I've stumbled into ownership of a bunch of consumer grade wireless surveillance cameras. Xanboo cameras, to be exact. I don't need surveillance at the house, so I figured I'd pop one of these babies open and see what parts I can harvest.
Low and behold, there's a couple flashable PIC microprocessors in there (PIC16F874 & PIC16F628). There's one that looks like the main mcu and the other one looks to be handling the wireless part. Wires from the main board, up through the neck where the PIR, Mic, and CCD sensors reside. The sensors are mounted on a circuit board with a bunch of SMD resistors, caps, a crystal, and a couple dual opamps. There are 6 wires connecting the sensors, down through the neck of the camera to the main MCU. They've nicely silk screened the labels for the wires, and they are: +5v, GND, Audio, Video, +5v, PIR.

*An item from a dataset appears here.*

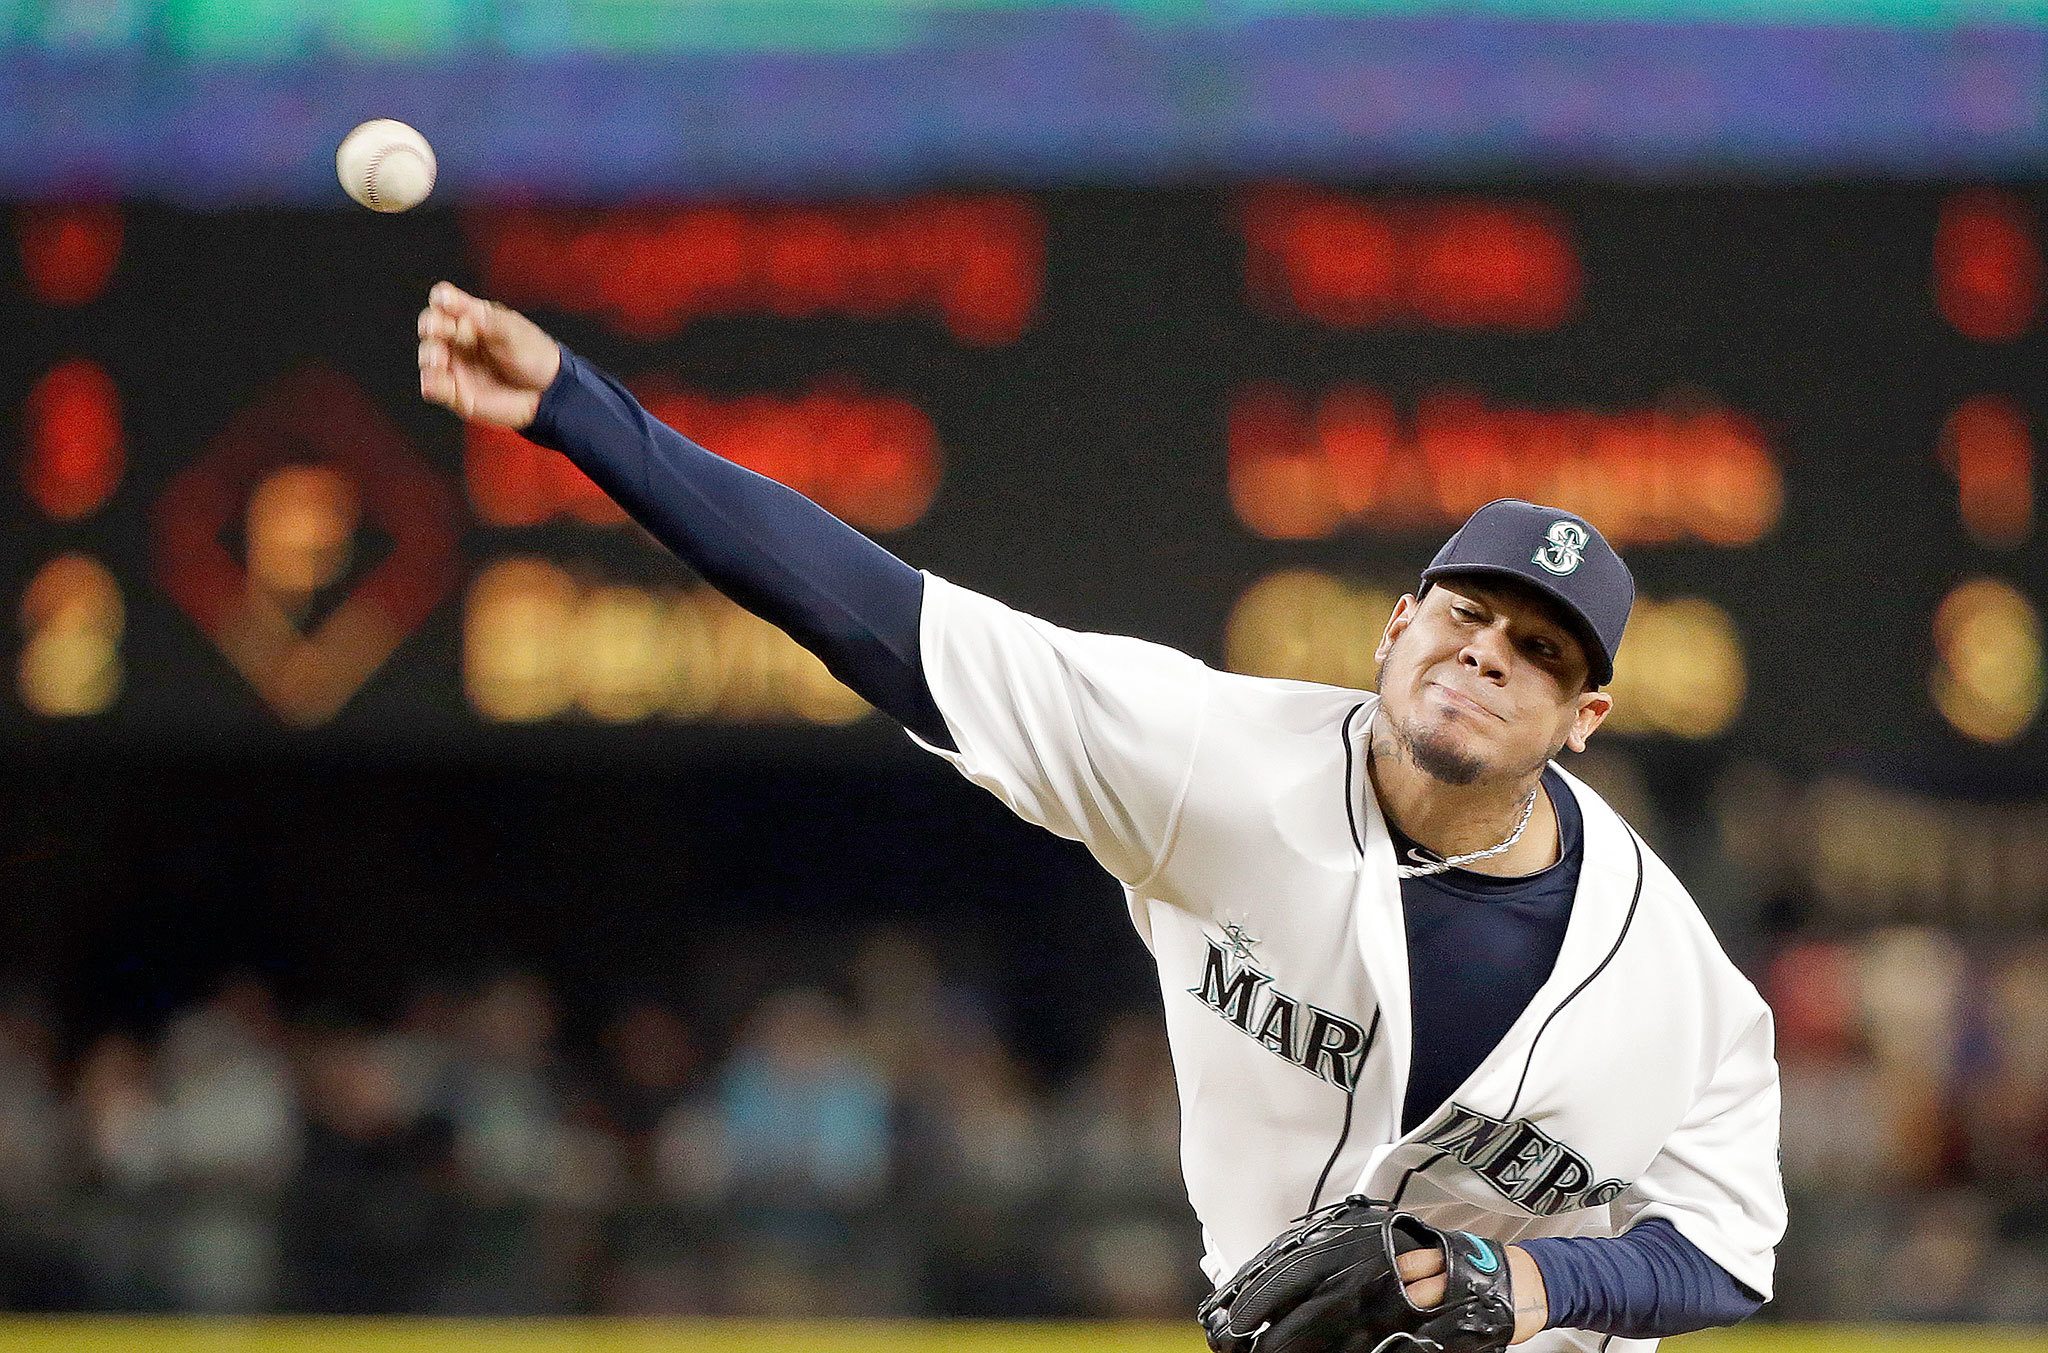 Mariners starting pitcher Felix Hernandez allowed one run and three hits in seventh innings. He struck out eight and walked four while throwing a season-high 117 pitches. (AP Photo/Elaine Thompson)

I'm seeing something that has me completely confounded. Namely:
How can they be passing video from the CCD to the base across a single wire? I guess it must be digitally encoded, but doesn't that require a clock reference or something (i.e. second wire)? There's no MCU on the sensor circuit board. I'm trying to trace out the leads off the CCD, but that's a chore that'll take a few days/weeks.
Why do I care? Well, I thought that rather than harvesting all the parts, this unit might be a suitable PIC based camera platform that I could experiment with (heck, I could snip off the camera/sensors and just use the PIC). I'm not even really interested in the wireless part, since I know that its a non-standard wireless solution.
Heck, if anyone thinks they can figure this out, I'll mail ya one of them.
If all else fails, I guess I can desolder the PIR, mic, and the PIC and then build my own PIC board. Seems a shame, though.